Roxane Gay, the author of Hunger and the New York Times bestseller, Bad Feminist, is an extraordinary essayist, writer of fiction and university teacher. But when she sat down to create a memoir, unfazed by the uncomfortable challenges when championing for gay and black women’s rights, she amassed a sizeable online following. And as the memoir explains in detail, it is her stature that earns lots of sneers, mockery and unsolicited responses and faux concerns yet nobody knows what she’s made of.
Hunger is a novel that explains how it feels to be “trapped in the cage of a body,” fashioned by the sexual violence she faced when she was just 12. She tells a tale that was probably as hard to write as it is emotional to read, especially because she endured physical and emotional obstacles from close to her and her parents never got to know.
A traumatic childhood
Hunger consists of at least two phases – a partial telling of the struggles of a fat, black women with her spiraling descriptions after enduring a rape. The self-blame and suffering compounded when the rapist embarasses the 12-year-old girl that ushers a wrong route of recovery. This part speaks about such themes as the vulnerability of a girl like her, the violations, sanctity, and sanity of resistance and learning to take care of oneself.
As a young, beautiful, petite, girl loved by her Haitian, well-off family, Gay writes that a young boy she thought might fall in love, along with a group of his friends, gang-raped her. Soon after, the untold pains, screams, and trauma engulf her life. To avoid the painful trauma, Roxane would overeating, thereby becoming fat, knowing too well that the fatter she became, the safer she would feel.

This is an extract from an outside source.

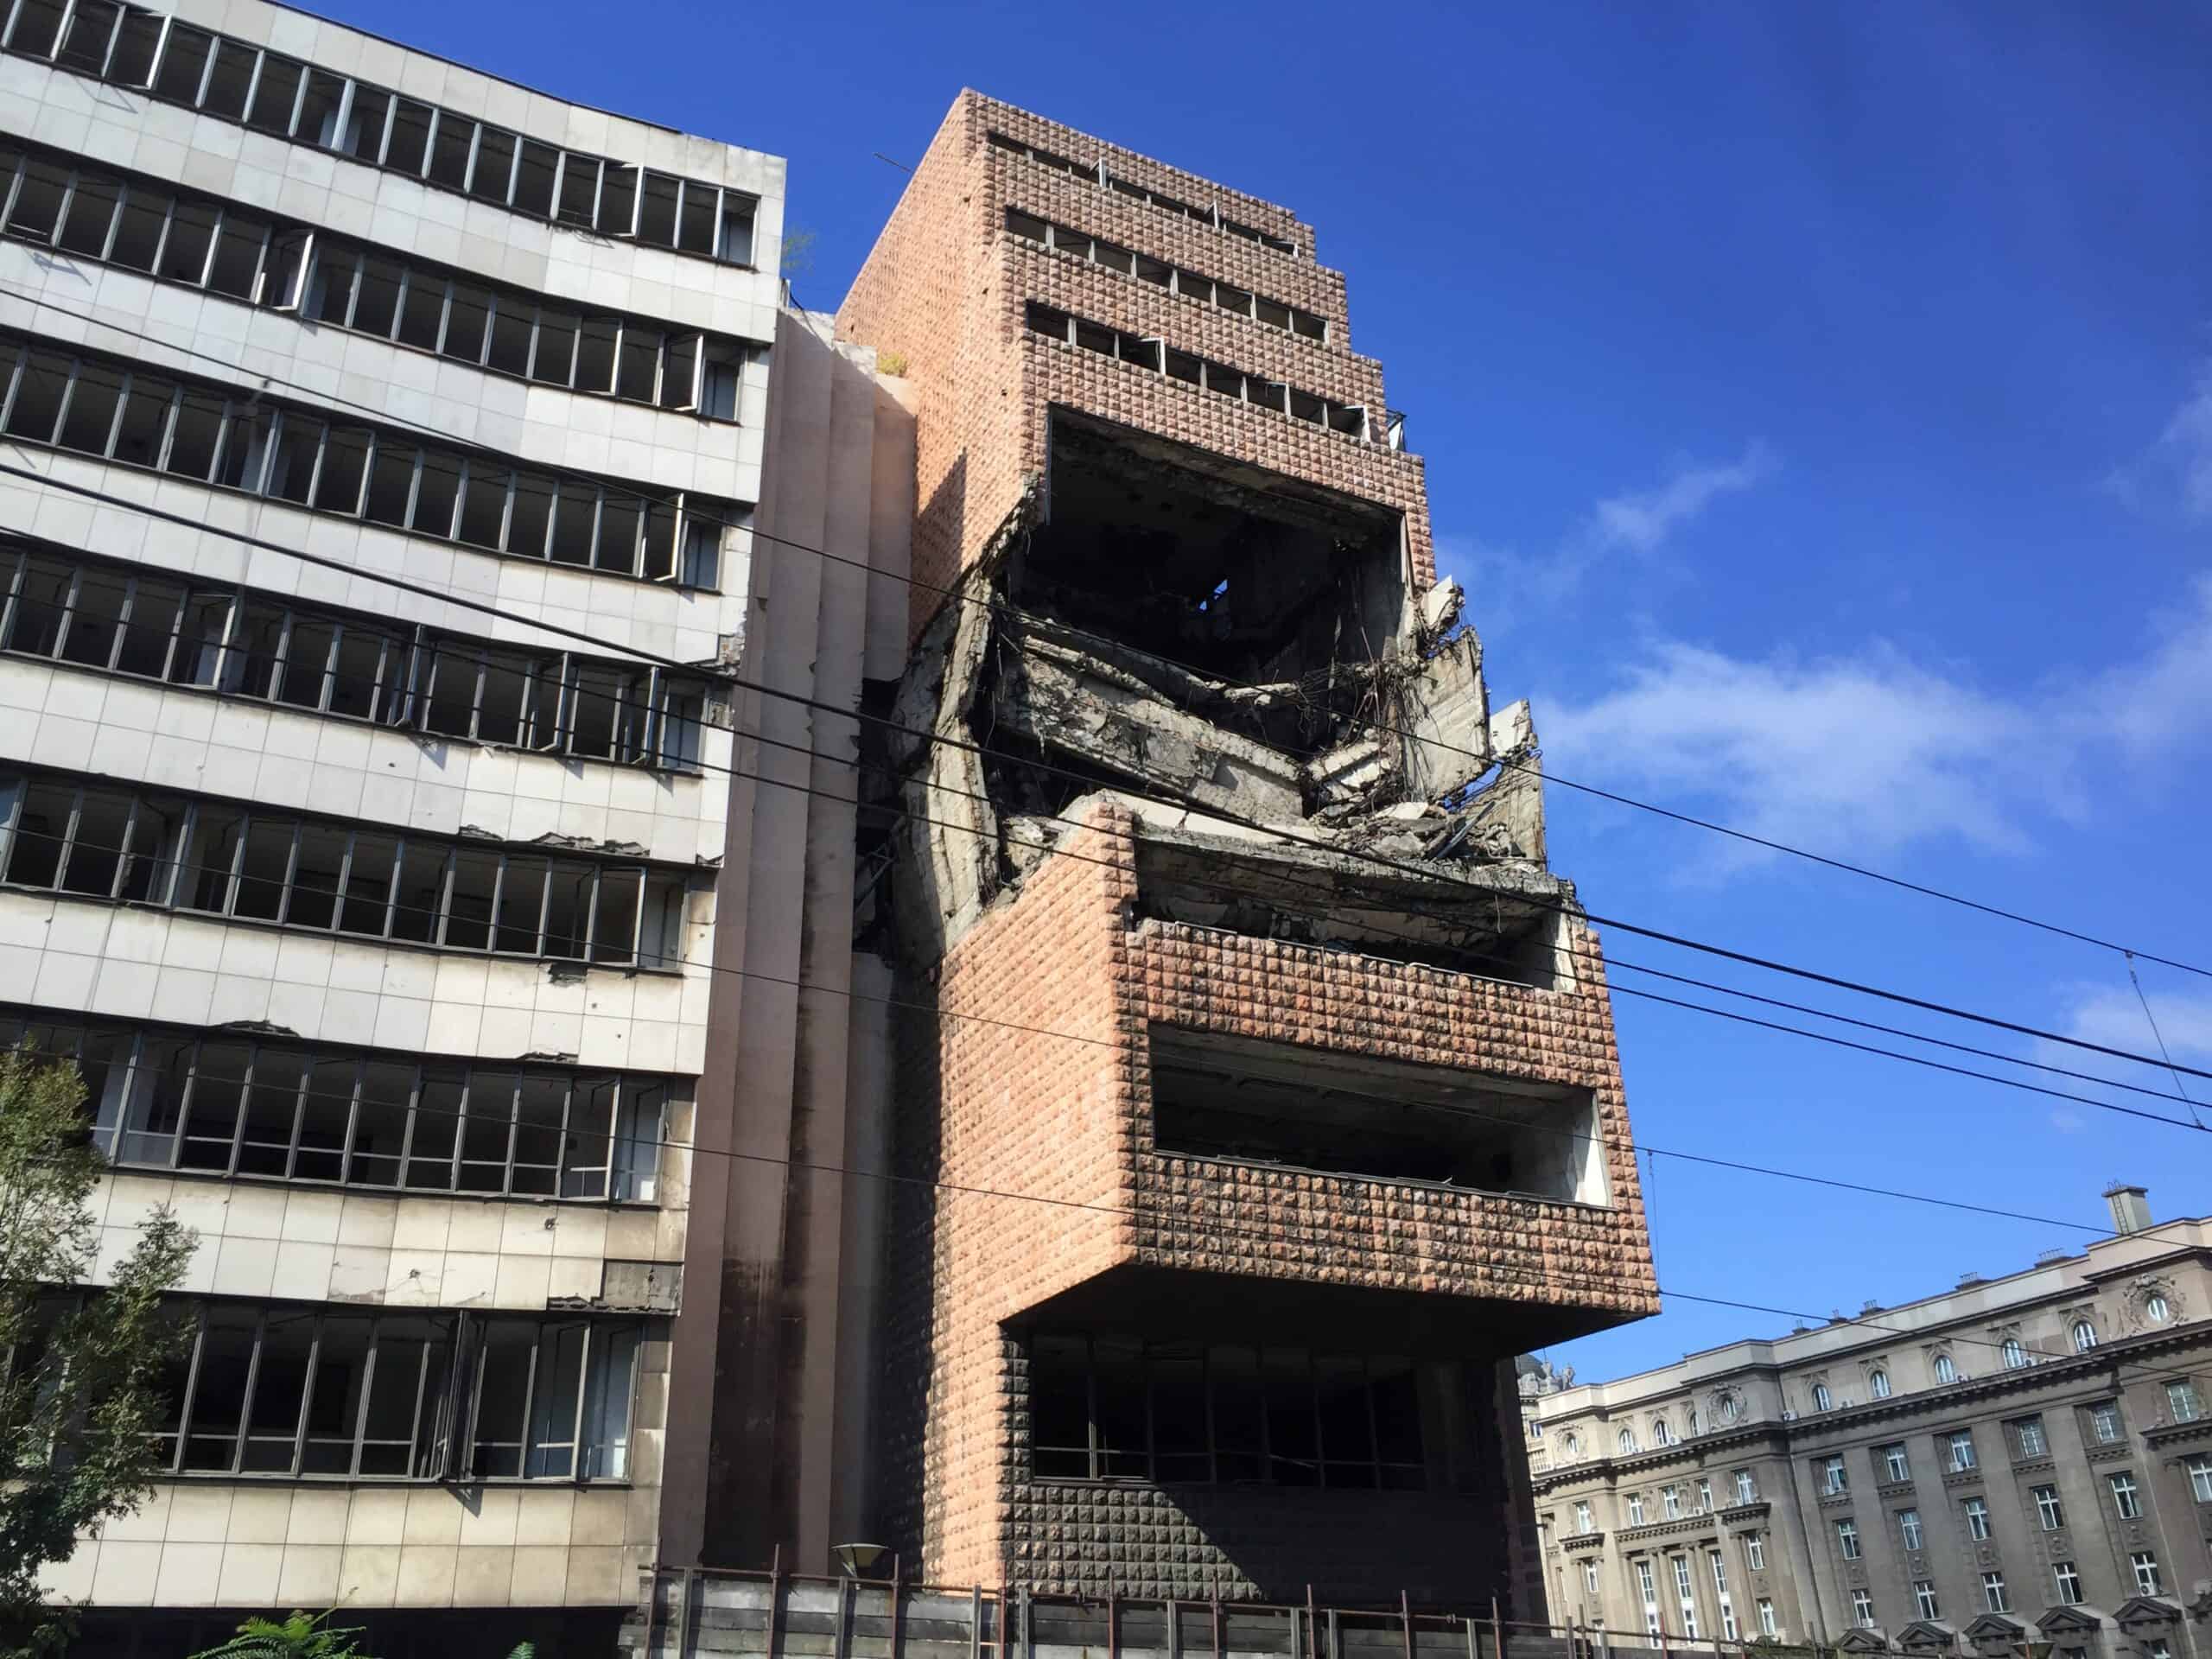 Palazzi bombardati dalla NATO – Belgrado

A series of events soon followed, including dropping out of Yale after her second year, fleeing to Phoenix with a guy she had met online and earning a living as a phone-sex worker. Everything including her sexual vacillations, caps off the sad, traumatised, hopeless and wounded Roxane Gay.
The road to recovery
The second part is more of recovery, self-actualisation, and forgiveness, along with humour and understanding of what life is. Admitting to Googling the man who raped her, calling him and then feeling afraid of speaking on the phone also explains “a confession” that Roxane’s Hunger is. She describes hunger as something that is in “metaphorical sense” helping understand the purpose of life.
Hunger isn’t an attention-seeking misery memoir, but rather an ally, escape, and solace of hers. From the way she documents the faltering, incomplete, unsensational account, all you can feel is the unthinkable abuse she suffered. With the criminal being an executive at a large corporation, it is anyone’s guess if the memoir would reach him and if indeed he gets hold of it, how he would feel.
Hunger by Roxane Gay is an absolute must-read if honest and inspirational memoir amazes you. You will read about her moving confessionals, why she refers to her body as “wildly undisciplined,” and what the talented author is capable of.